Call the Midwife is back for a 10th series of historical social commentary, interesting medical cases, and a beautiful dose of escapist nostalgia. The nuns and midwives of the 1960s East End have become an unlikely smash hit, while flying the flag for feminism and offering unique characters whose carefully scripted character arcs bring humanity and authenticity to those readily identifying with them at home. As fresh as the day it arrived to our screens, Call the Midwife shows no sign of slowing down, having been renewed for two more series — a relief for those who look forward to looking at the intricate details of the subplots each week, taken from the real-life memoirs of former community midwife Jennifer Worth.

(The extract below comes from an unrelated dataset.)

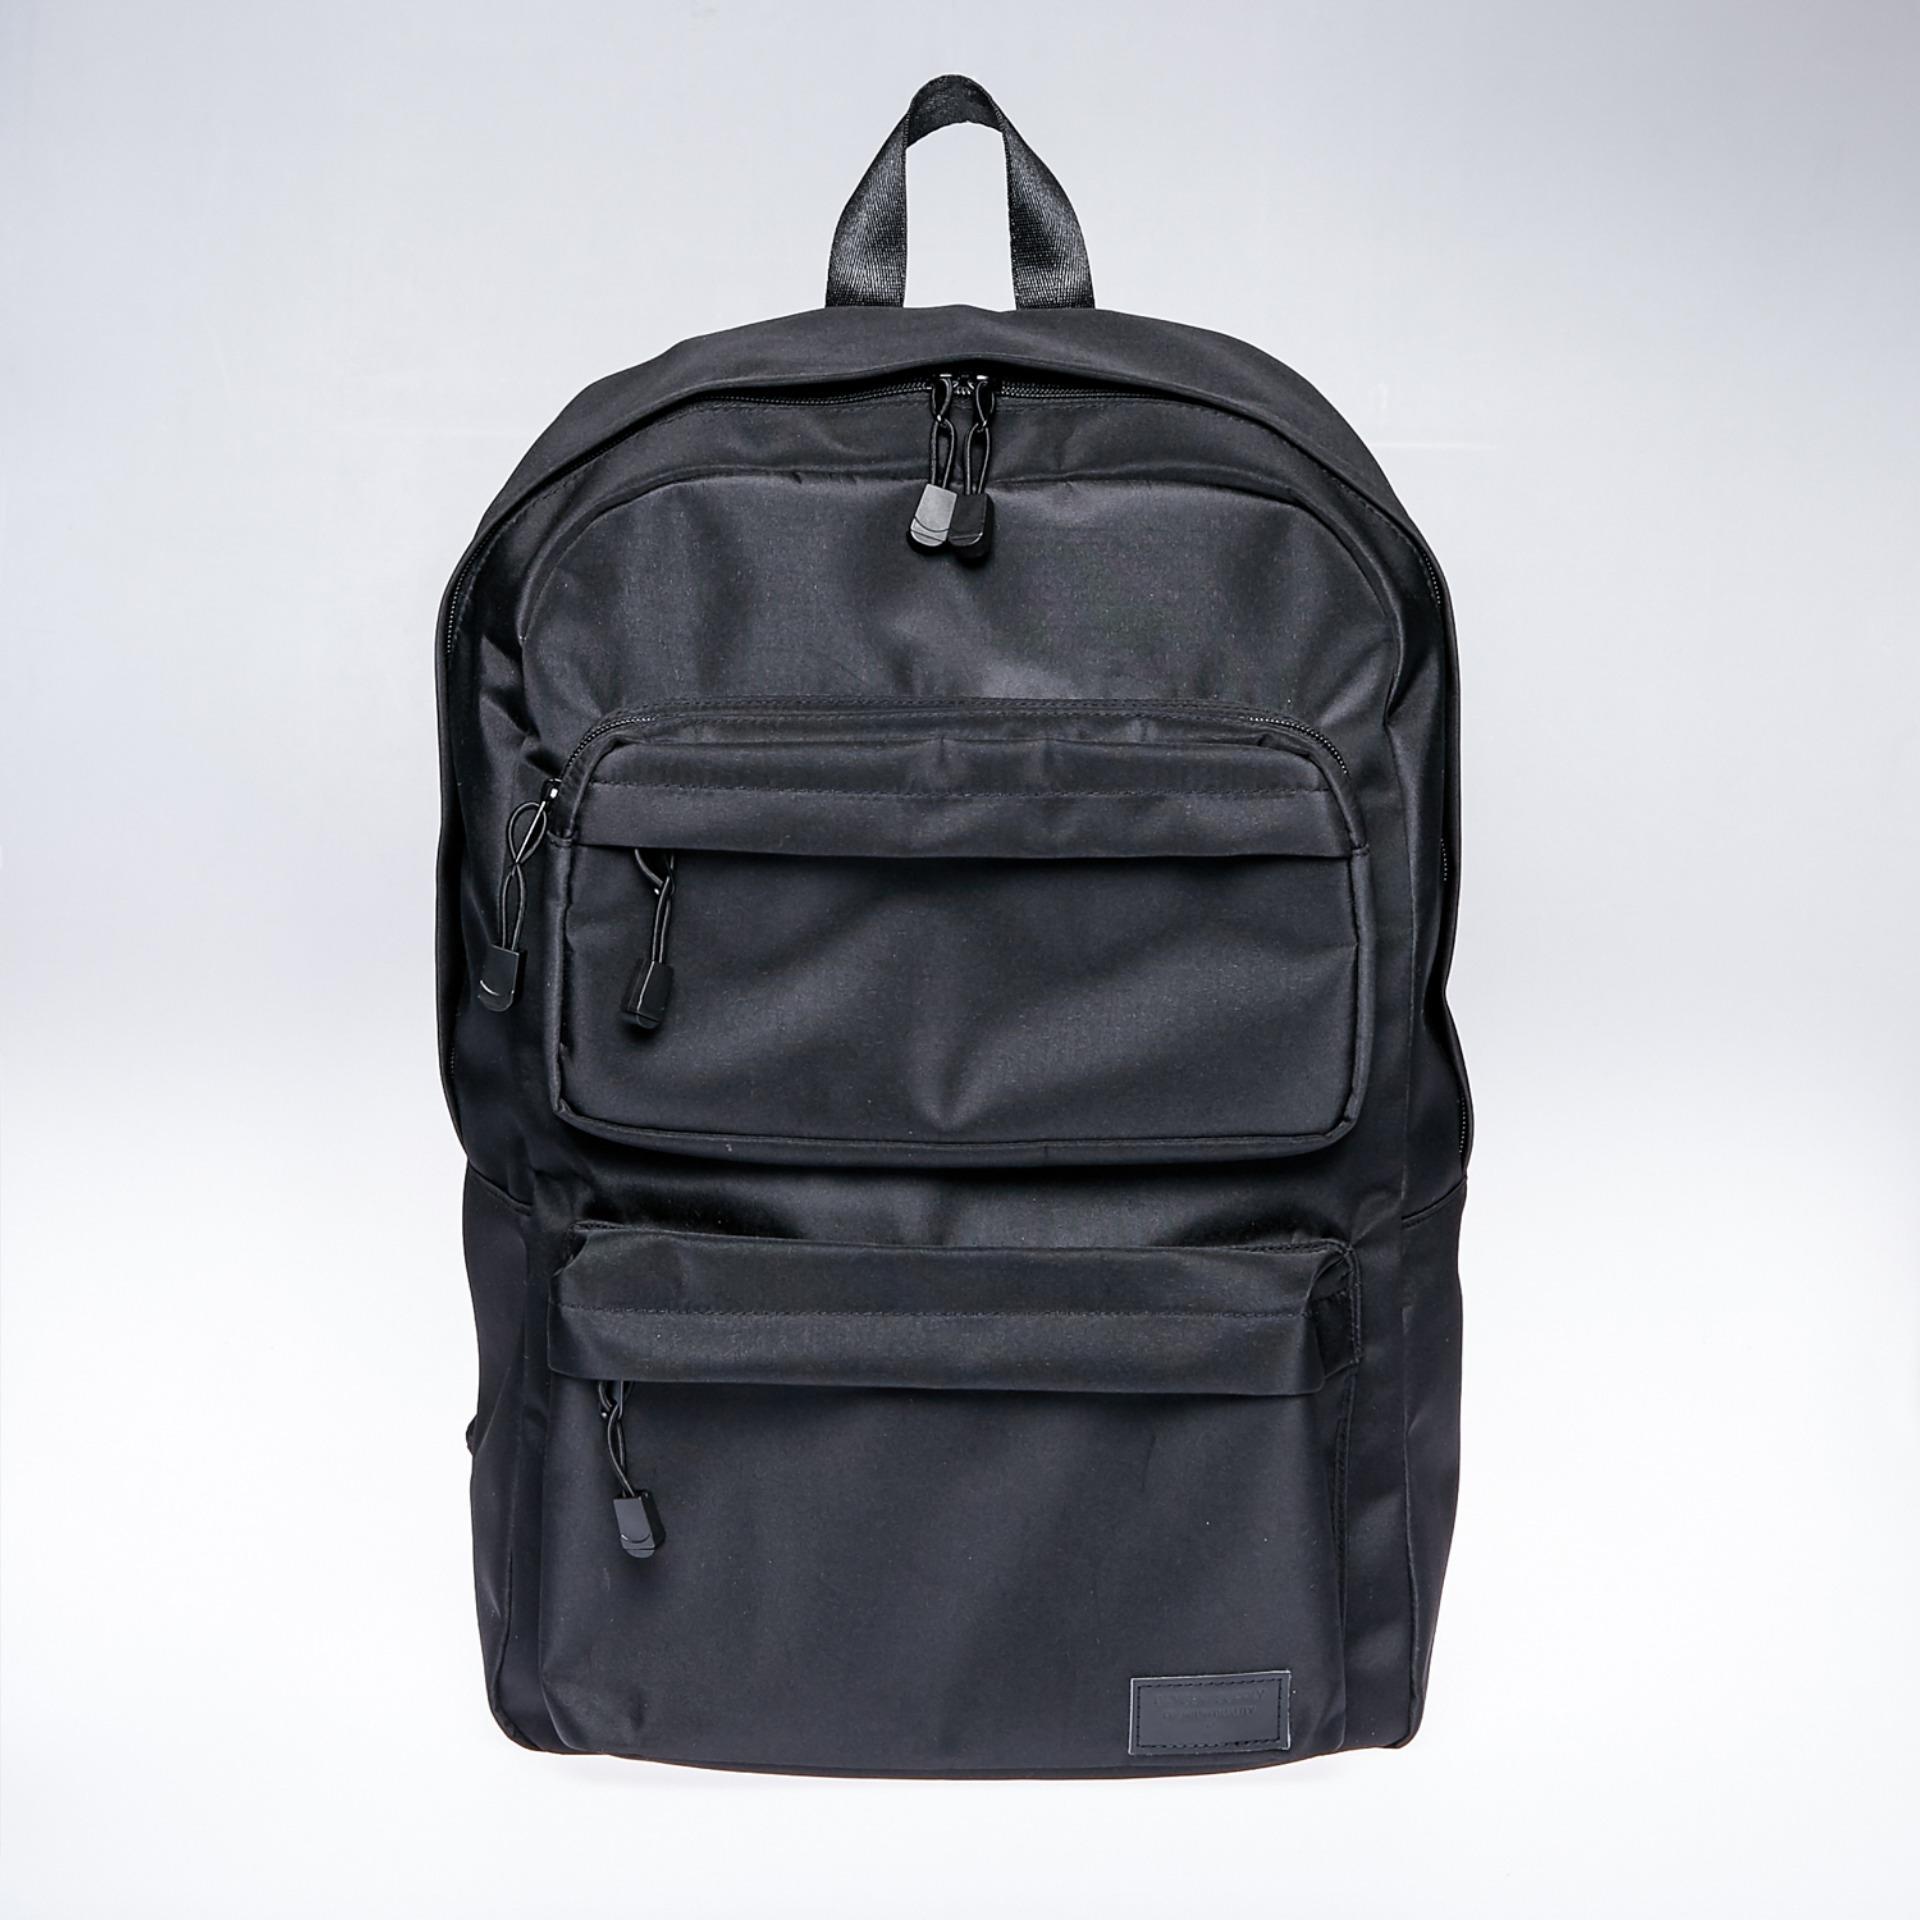 Backpack With Multiple Pockets Black

Sunday night's episode shone a light on the evolving medical knowledge of the period when it came to treating what is now known to be a common but treatable pregnancy-related illness. The story was told through the family of Patricia Williams (Sandra Marvin), a woman full of heart, and filled with joy at the prospect of welcoming her third baby, after trying for a number of years to conceive again. Patricia's joy, however, is overshadowed by a condition that caused her to face discrimination and ridicule from doctors, and overshadowed her pregnancy, subsequent birth, and the initial weeks of her son's life.
Having visited the midwifery clinic for a routine check-up, Patricia is told that she is gaining weight at a level more rapid than would be normal and healthy. When being examined by the lovely midwife Shelagh Turner (Laura Main), Shelagh expresses concern about the potential size of the baby, fears that are immediately batted away by Patricia, as the experienced mother has already successfully delivered a 9lb, and 10lb 7oz baby, and has no qualms about this one going the same way. (As someone who has delivered a 9lb 10oz baby myself, I could only wince at the memory, and mentally high five her nonchalance at doing it for a third time.)
When glucose is later found in her urine, anyone who has had a baby in recent years, and attended one of the many midwife appointments that comes with that, would probably have called the diagnosis: gestational diabetes. According to the NHS, gestational diabetes is the development of high levels of blood sugar during pregnancy, where previously a diabetic diagnosis is not present. It occurs when the pregnancy places extra demand on the body for insulin, and the body cannot meet demand. The most common time for presentation is during the third trimester, but can happen at any stage — the good news is that it is easily treatable, and usually disappears once the baby is born. Symptoms vary, and women at high risk will routinely be screened, however in Patricia's case, excessive thirst and lethargy were also giveaways that she had a diagnosis coming up.
Patricia has a lovely relationship with midwife Lucille Anderson (Leonie Elliott), and if there's ever a midwife you wished existed in real life, it's Lucille. Together, Lucille and Shelagh dig out the first ever study into gestational diabetes, and start the fight for Patricia to get the tests she needs. In true historical style, this is obstructed by doctors who think they know better, and results in a devastated Patricia fleeing the hospital where she's been sent for tests, after wrongly (and rudely) being told she simply needs to stop overeating. This negatively affects her relationship with her healthcare professionals, and where her team have been trying to advocate for her, the barriers go up and she is left feeling humiliated.
After wanting a home birth, Patricia eventually requires an emergency caesarean, and her baby must be a kind of record topper, weighing in at a whopping 13lbs 8oz. However, her reaction to the way her baby was delivered, and the difficulties this presents for how she can resume normal activities and care for her son, tarnishes an event she was so desperately looking forward to. Her relief at finally being given a diagnosis is palpable, if dampened by lasting memories from how she was treated, and the fact that as she went untreated, her baby could have been seriously harmed. As well as the complexities of emerging research on a newly identified illness, the episode emphasised the importance of team work when making a diagnosis, and putting the needs and wishes of the patient first. It almost makes the perfect case study for how to improve modern day multi-professional working, and how to treat individual cases with the compassion and dignity they deserve.